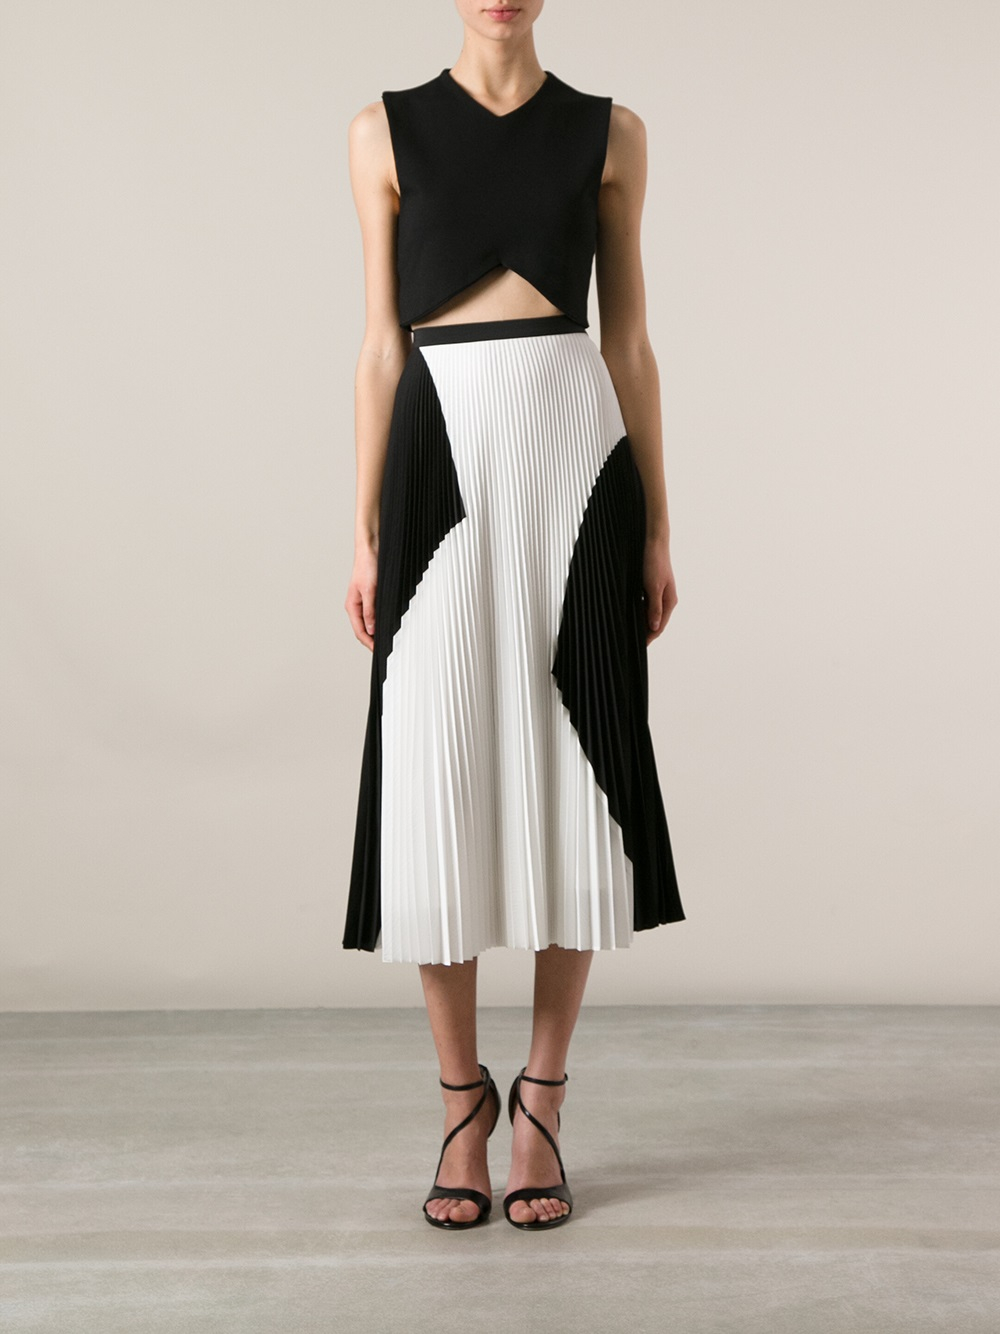 Proenza Schouler Pleated Skirt in Black (White) - Lyst
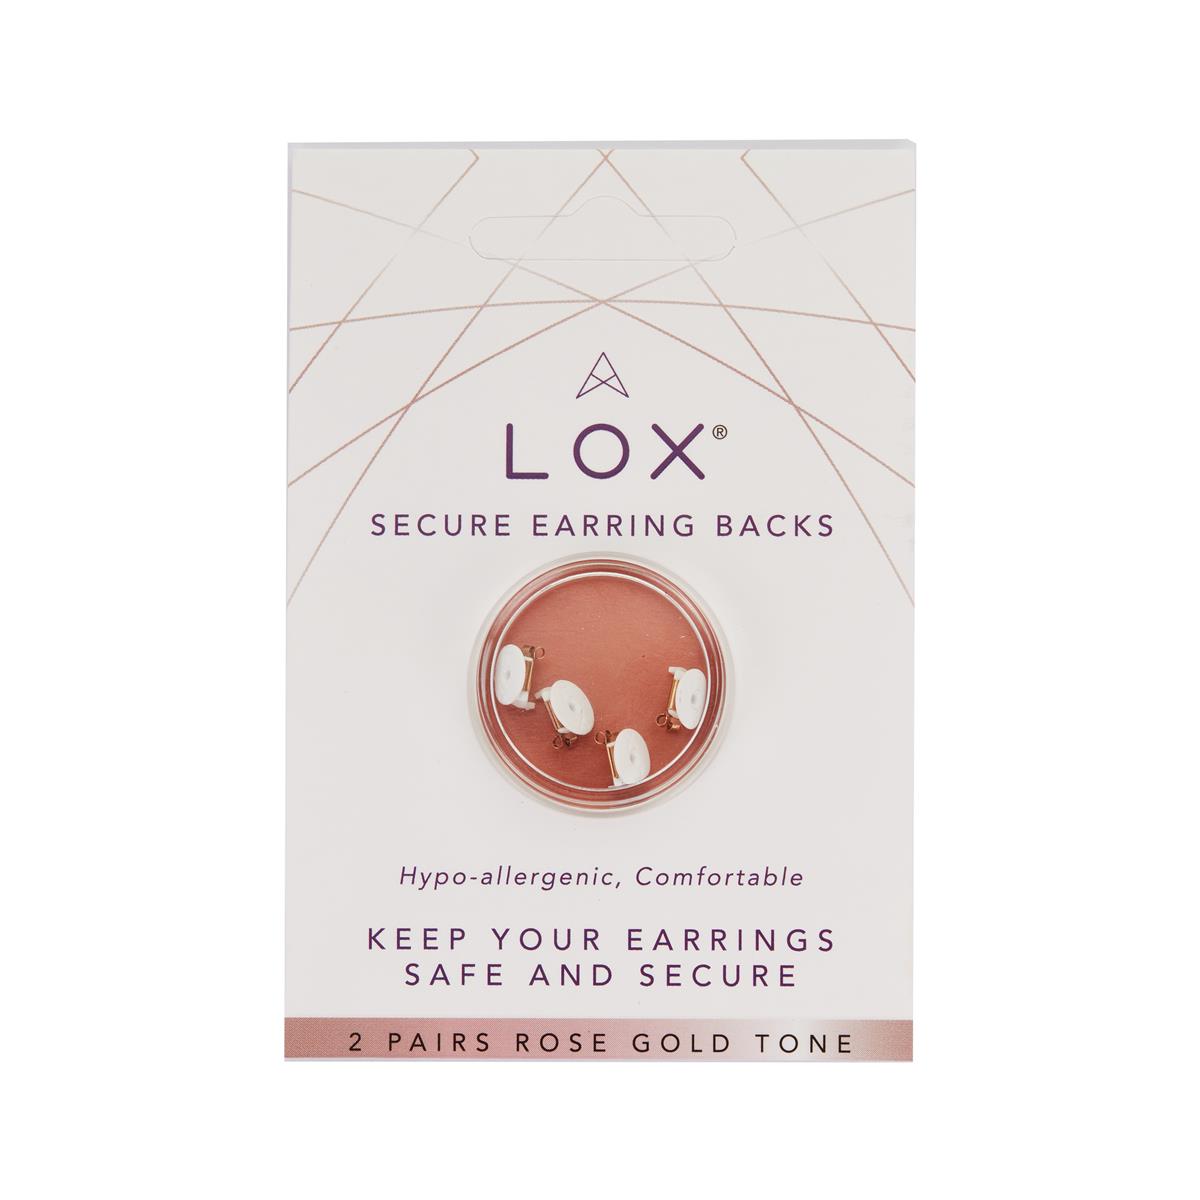 Lox locking and lifting earrings backs - YouTube
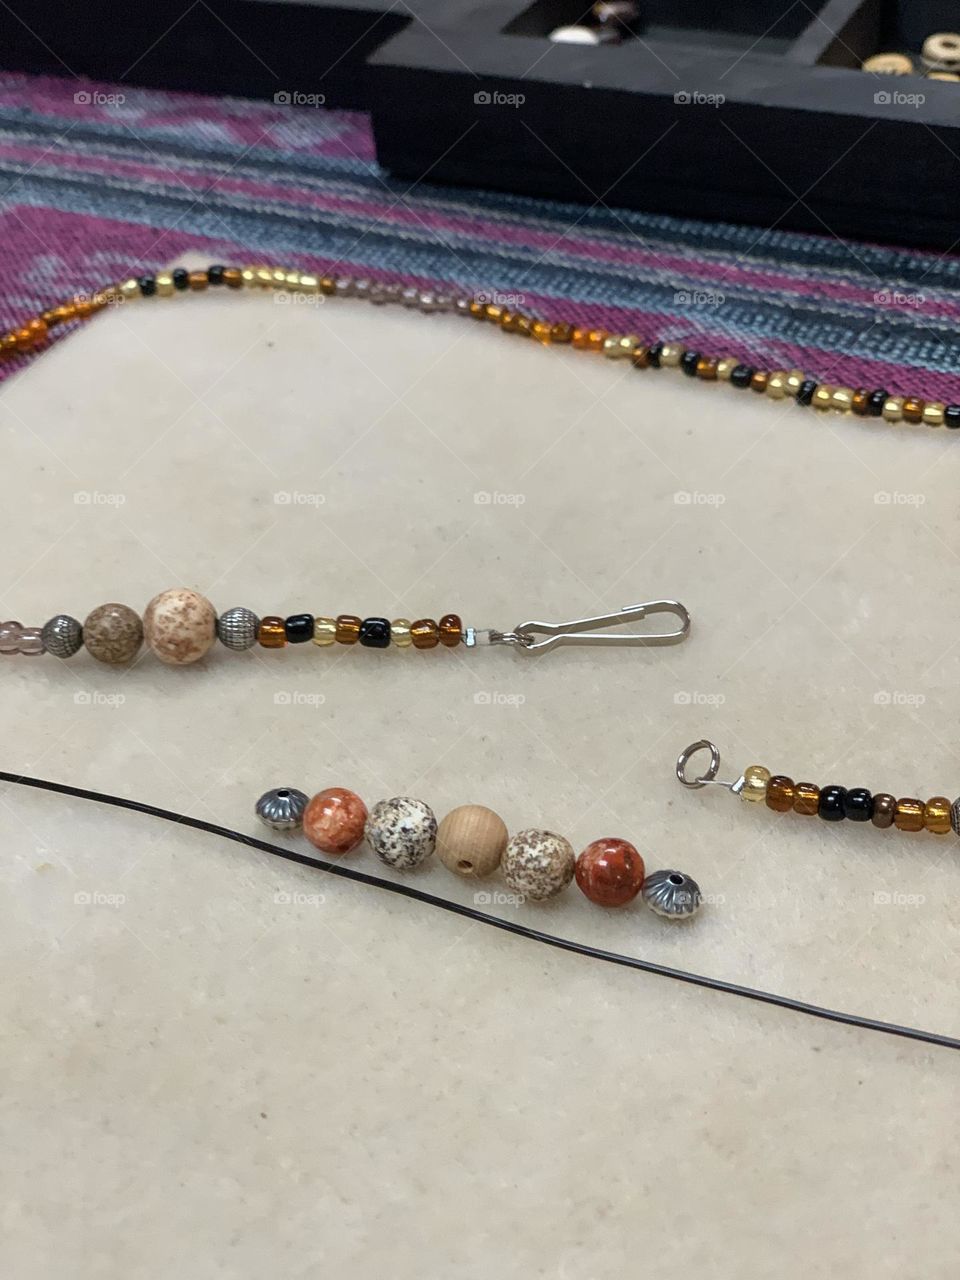 Patterning Beads
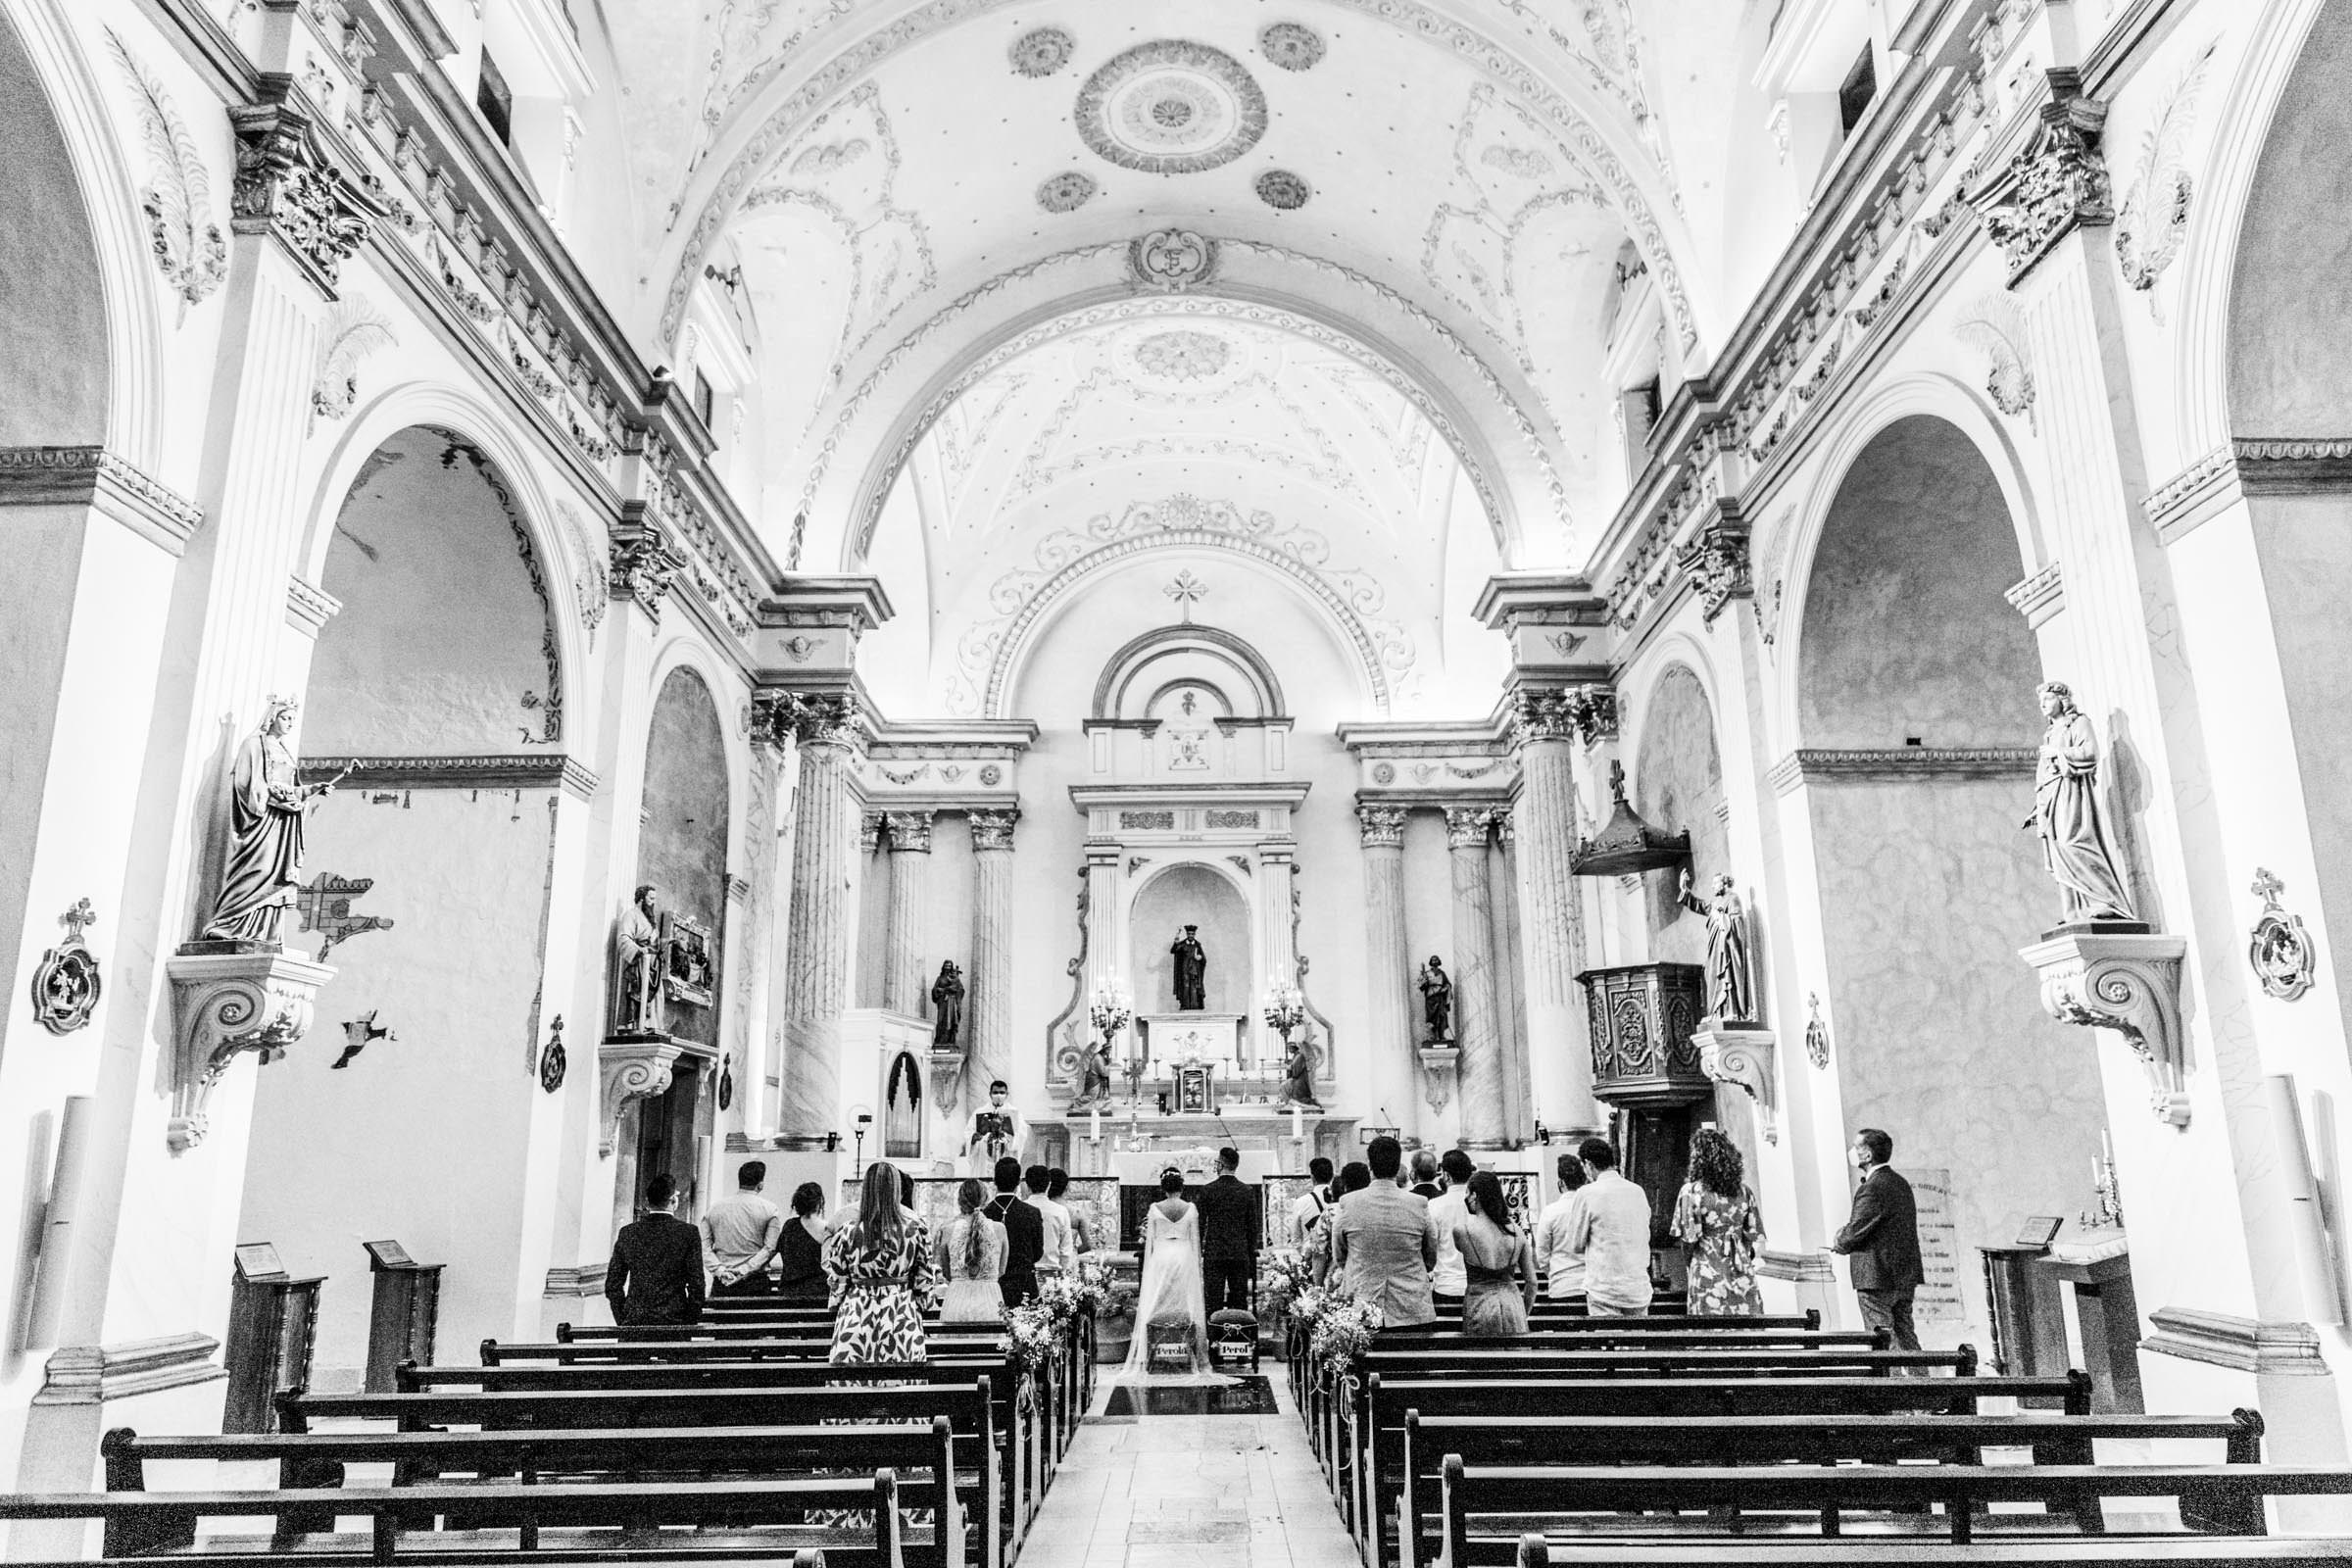 Oratorio San Felipe de Neri, Av. B con Calle 4a Este - Casco Viejo, Ciudad de Panamá

◆ THE PROBLEM ◆
Please return the listing above exactly and leave every picture out.

◆ RESULT FOR THIS EXERCISE ◆
 Proenza Schouler Pleated Skirt in Black (White) - Lyst
 Lox locking and lifting earrings backs - YouTube
 Patterning Beads
 Oratorio San Felipe de Neri, Av. B con Calle 4a Este - Casco Viejo, Ciudad de Panamá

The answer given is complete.